CONCOURS GÉNÉRAL DES LYCÉES – SESSION DE 2011
(Classes terminales ES, L et S)
Durée: 5 heures
L’usage du dictionnaire est interdit.
Travail à faire par le candidat
Texte: ESTER
I. ÉTUDE DU TEXTE
1. Apresente as duas visões que Ester tem da cidade e explique como aconteceu tal evolução.
2. Estude a personalidade de Horácio através não só das suas atitudes ao longo do texto mas também das histórias e dos cochichos que lhe dizem respeito.
3. Comente o casamento e a primeira noite do casal na fazenda.
4. Analise a evolução dos sentimentos de Ester.
5. Explique e comente a última imagem evocada no texto: « uma rã na boca de uma cobra ».
I. ESSAI
Quando um dia, o pai lhe comunicou, muito alegre, que O Coronel Horácio pedia a sua mão, Ester « se contentou em chorar ».
Acha que os pais devem orientar a vida dos filhos? Em domínios tão diversos como as frequentações, os estudos, a escolha de um desporto, de uma profissão ou ainda do próprio casamento, qual deve ser, segundo a sua opinião o papel dos pais?
Apresente a sua opinião numa composição cuidada e ilustrada com exemplos.
III. TRADUCTION
Traduza para francîs de « O pai morava… » até « … uma quermesse com leilão de prendas. ».
TEXTE
ESTER
O pai morava num primeiro andar, por cima do armazém. Da sua janela Ester via a monótona paisagem da cidade. Um morro de cada lado. Não encontrava beleza no rio, nem no mar. Para ela, a beleza estava com a vida de Lúcia, os bailes em Paris. Nem mesmo no dia de chegada dos navios, quando toda a cidade se animava, quando havia jornais da capital, quando os botequins se enchiam de homens que discutiam política, nem nesses dias quase de festa Ester saía da sua tristeza.
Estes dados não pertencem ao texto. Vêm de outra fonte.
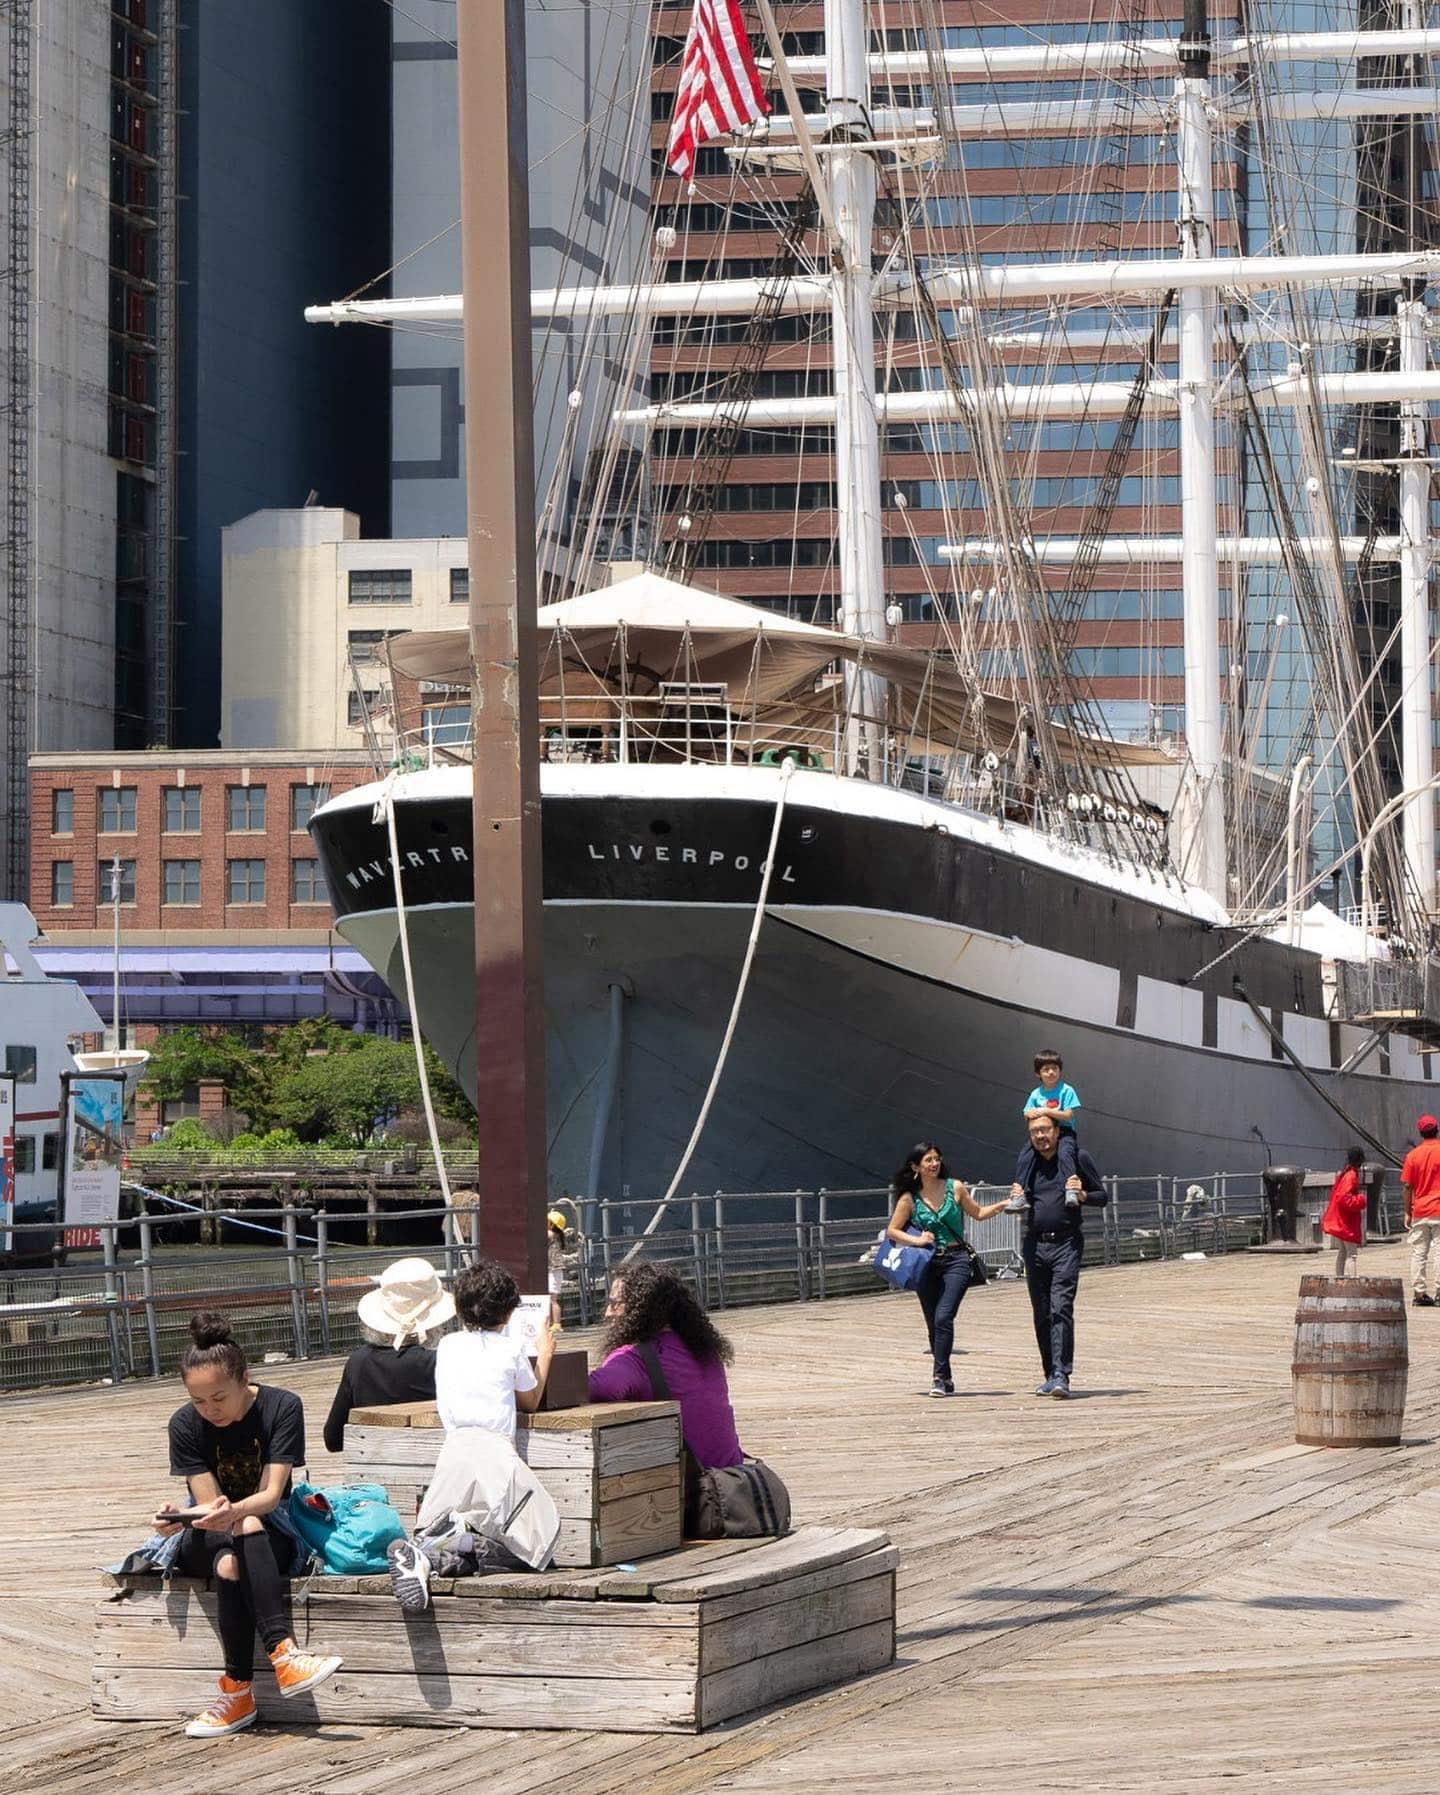 Historic ships. Exhibitions. Creative expression. Family fun for everyone. Experience it all at the @seaportmuseum. July events ↴ 7/15 ➤ City of Water Day 7/16 ➤ Launch & Learn Sail 7/19 ➤ Live reading w/ Claire Bellerjeau Last Saturday of every month ➤ Stationery workshops at Bowne & Co. Details ➤ link in bio #TheSeaport
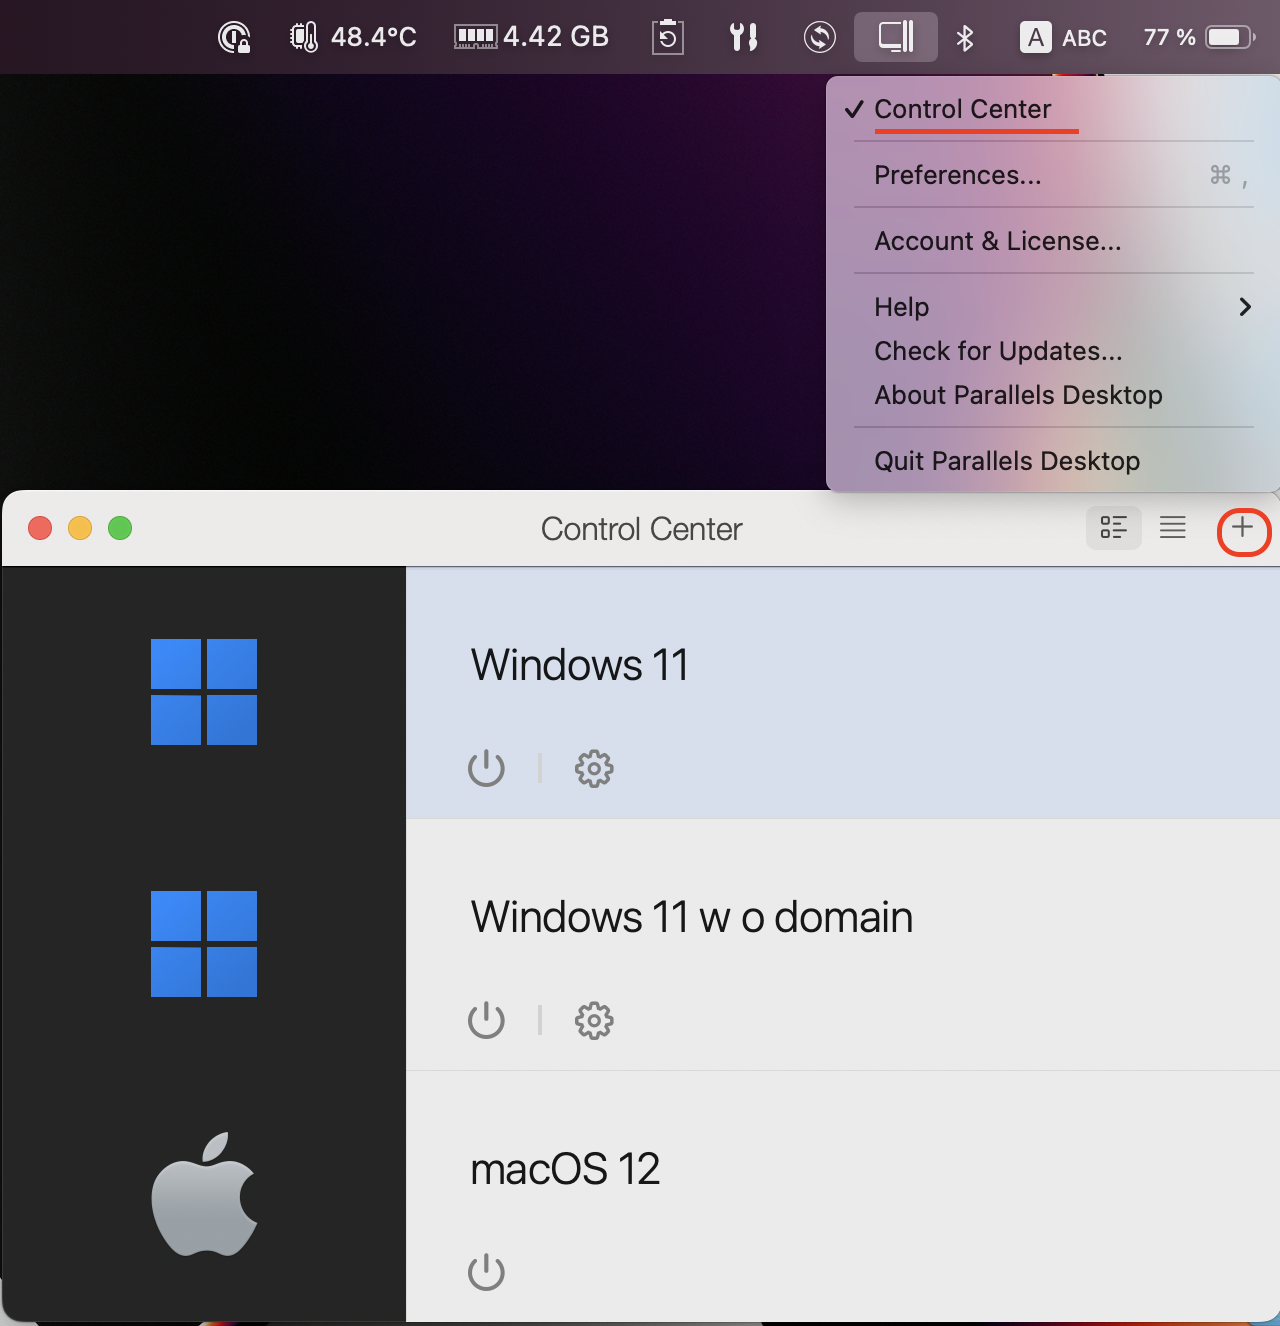 KB Parallels: Install Windows 11 on a Mac with Apple silicon

Os homens a admiravam e a cortejavam de longe. Nos tempos das férias um estudante de medicina escreveu-lhe uma carta e mandou-lhe versos. Mas para Ester o tempo era pouco para chorar, para lastimar a morte dos avós que a obrigavam a viver naquele desterro. As notícias de brigas e de mortes a assustavam, deixavam-na numa agonia. Aos poucos foi-se deixando vencer pela vida da cidade, se despreocupando da elegância que tanto sucesso (e certo escândalo) fizera quando da sua chegada, e quando um dia seu pai, muito alegre, lhe comunicou que o coronel Horácio, um dos homens mais ricos da zona, pedia a sua mão ela se contentou em chorar.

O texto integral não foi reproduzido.